To do: All lines from the one with "Links slightly articulate" through the end of the records below are to be given again exactly, and nothing else.

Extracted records
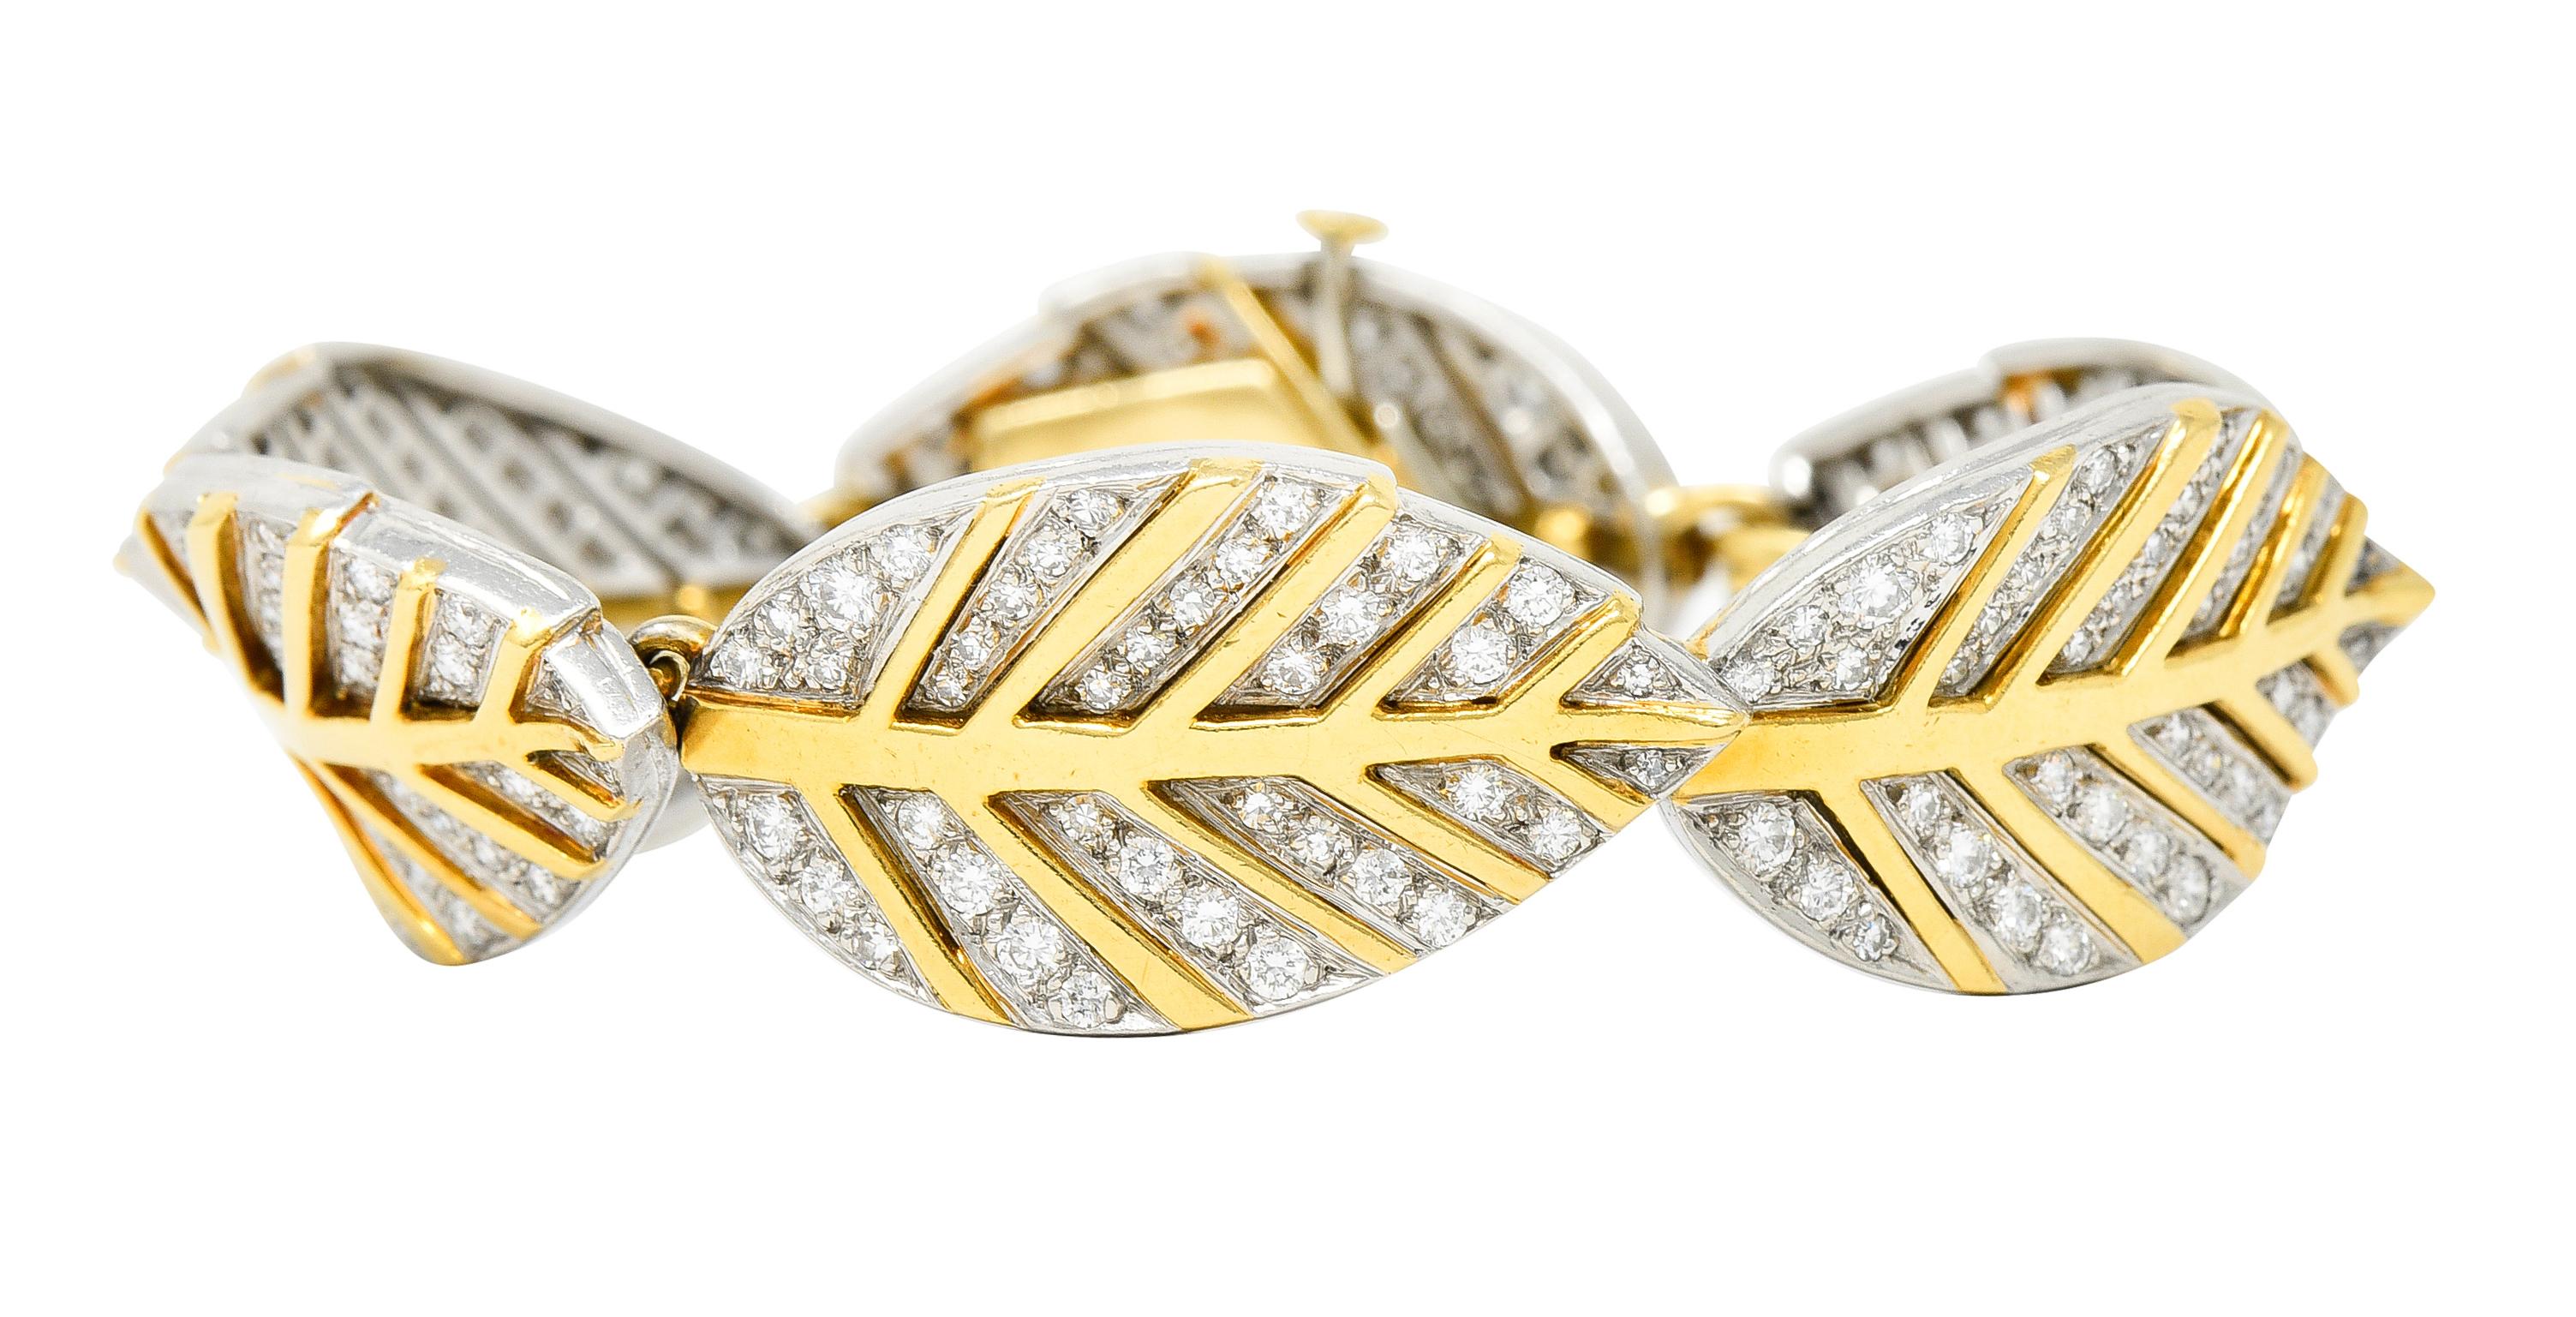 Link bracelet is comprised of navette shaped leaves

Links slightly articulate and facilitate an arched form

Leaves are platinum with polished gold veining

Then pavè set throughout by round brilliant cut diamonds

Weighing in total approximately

Result of this task:
Links slightly articulate and facilitate an arched form

Leaves are platinum with polished gold veining

Then pavè set throughout by round brilliant cut diamonds

Weighing in total approximately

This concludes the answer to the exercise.